--- Directions for this task ---
A line qualifies if it holds the string "Women". Copy every qualifying line from the records.

══ Entries supplied ══

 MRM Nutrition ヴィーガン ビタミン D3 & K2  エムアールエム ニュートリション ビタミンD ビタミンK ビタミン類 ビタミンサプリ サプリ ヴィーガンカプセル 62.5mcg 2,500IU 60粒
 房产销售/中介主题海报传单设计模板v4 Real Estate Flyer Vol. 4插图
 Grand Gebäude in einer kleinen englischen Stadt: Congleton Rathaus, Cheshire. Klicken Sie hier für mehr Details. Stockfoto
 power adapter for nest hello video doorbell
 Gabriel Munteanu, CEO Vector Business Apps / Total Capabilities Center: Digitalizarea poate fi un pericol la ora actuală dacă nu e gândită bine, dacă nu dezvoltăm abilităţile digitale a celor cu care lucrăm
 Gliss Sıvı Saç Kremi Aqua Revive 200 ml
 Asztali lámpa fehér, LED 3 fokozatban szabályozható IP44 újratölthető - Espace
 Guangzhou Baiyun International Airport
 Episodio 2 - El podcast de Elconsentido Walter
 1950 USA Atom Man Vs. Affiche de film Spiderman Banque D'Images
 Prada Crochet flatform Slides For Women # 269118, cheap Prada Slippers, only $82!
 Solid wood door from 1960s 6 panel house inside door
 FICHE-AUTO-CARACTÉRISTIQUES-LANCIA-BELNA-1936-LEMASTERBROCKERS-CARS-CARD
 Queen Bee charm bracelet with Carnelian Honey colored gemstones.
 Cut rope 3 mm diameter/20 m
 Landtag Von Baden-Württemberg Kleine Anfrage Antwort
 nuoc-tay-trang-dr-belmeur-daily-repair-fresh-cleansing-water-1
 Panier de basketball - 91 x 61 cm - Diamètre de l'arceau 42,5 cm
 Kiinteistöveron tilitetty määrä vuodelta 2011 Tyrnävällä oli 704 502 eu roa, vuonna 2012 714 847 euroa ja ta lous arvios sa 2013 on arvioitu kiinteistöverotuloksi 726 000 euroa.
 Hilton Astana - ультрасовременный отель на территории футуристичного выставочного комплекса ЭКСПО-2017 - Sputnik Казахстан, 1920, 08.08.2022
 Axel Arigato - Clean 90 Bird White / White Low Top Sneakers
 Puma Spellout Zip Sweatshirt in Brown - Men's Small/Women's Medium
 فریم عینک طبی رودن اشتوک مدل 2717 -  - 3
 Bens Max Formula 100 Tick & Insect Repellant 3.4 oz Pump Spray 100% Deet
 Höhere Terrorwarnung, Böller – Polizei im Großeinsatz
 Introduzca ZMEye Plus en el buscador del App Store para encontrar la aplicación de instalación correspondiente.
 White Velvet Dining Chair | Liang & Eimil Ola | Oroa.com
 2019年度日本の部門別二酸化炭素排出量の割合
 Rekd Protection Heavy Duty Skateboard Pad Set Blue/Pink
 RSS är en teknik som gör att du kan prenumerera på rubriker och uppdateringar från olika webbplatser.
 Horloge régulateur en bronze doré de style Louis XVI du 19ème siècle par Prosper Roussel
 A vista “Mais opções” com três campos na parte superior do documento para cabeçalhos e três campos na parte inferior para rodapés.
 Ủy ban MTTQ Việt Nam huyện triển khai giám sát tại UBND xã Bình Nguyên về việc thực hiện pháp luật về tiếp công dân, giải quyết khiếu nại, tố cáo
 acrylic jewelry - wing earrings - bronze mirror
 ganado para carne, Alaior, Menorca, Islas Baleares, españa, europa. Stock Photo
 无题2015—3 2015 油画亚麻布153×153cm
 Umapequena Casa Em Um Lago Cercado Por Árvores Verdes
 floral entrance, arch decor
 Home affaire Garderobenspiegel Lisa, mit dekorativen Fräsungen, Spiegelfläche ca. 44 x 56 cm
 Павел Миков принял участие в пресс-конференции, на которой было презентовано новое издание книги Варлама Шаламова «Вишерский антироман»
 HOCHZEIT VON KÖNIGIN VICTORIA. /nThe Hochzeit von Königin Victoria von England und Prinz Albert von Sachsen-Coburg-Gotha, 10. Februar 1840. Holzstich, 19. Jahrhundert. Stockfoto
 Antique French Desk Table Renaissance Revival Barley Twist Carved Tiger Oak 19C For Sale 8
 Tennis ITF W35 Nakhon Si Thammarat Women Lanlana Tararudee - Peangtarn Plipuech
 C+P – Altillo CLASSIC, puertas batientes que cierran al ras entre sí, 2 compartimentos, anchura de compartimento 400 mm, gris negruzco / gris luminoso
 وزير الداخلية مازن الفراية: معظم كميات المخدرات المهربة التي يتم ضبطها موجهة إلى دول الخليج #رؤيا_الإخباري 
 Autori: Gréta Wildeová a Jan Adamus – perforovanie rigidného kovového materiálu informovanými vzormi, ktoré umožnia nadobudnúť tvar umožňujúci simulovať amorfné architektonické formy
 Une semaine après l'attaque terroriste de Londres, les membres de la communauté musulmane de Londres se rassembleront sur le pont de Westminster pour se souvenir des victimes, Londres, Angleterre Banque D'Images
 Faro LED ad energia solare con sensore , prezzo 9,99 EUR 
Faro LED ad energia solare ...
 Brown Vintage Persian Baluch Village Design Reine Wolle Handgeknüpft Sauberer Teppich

═══

--- Answer for the task ---
 Prada Crochet flatform Slides For Women # 269118, cheap Prada Slippers, only $82!
 Puma Spellout Zip Sweatshirt in Brown - Men's Small/Women's Medium
 Tennis ITF W35 Nakhon Si Thammarat Women Lanlana Tararudee - Peangtarn Plipuech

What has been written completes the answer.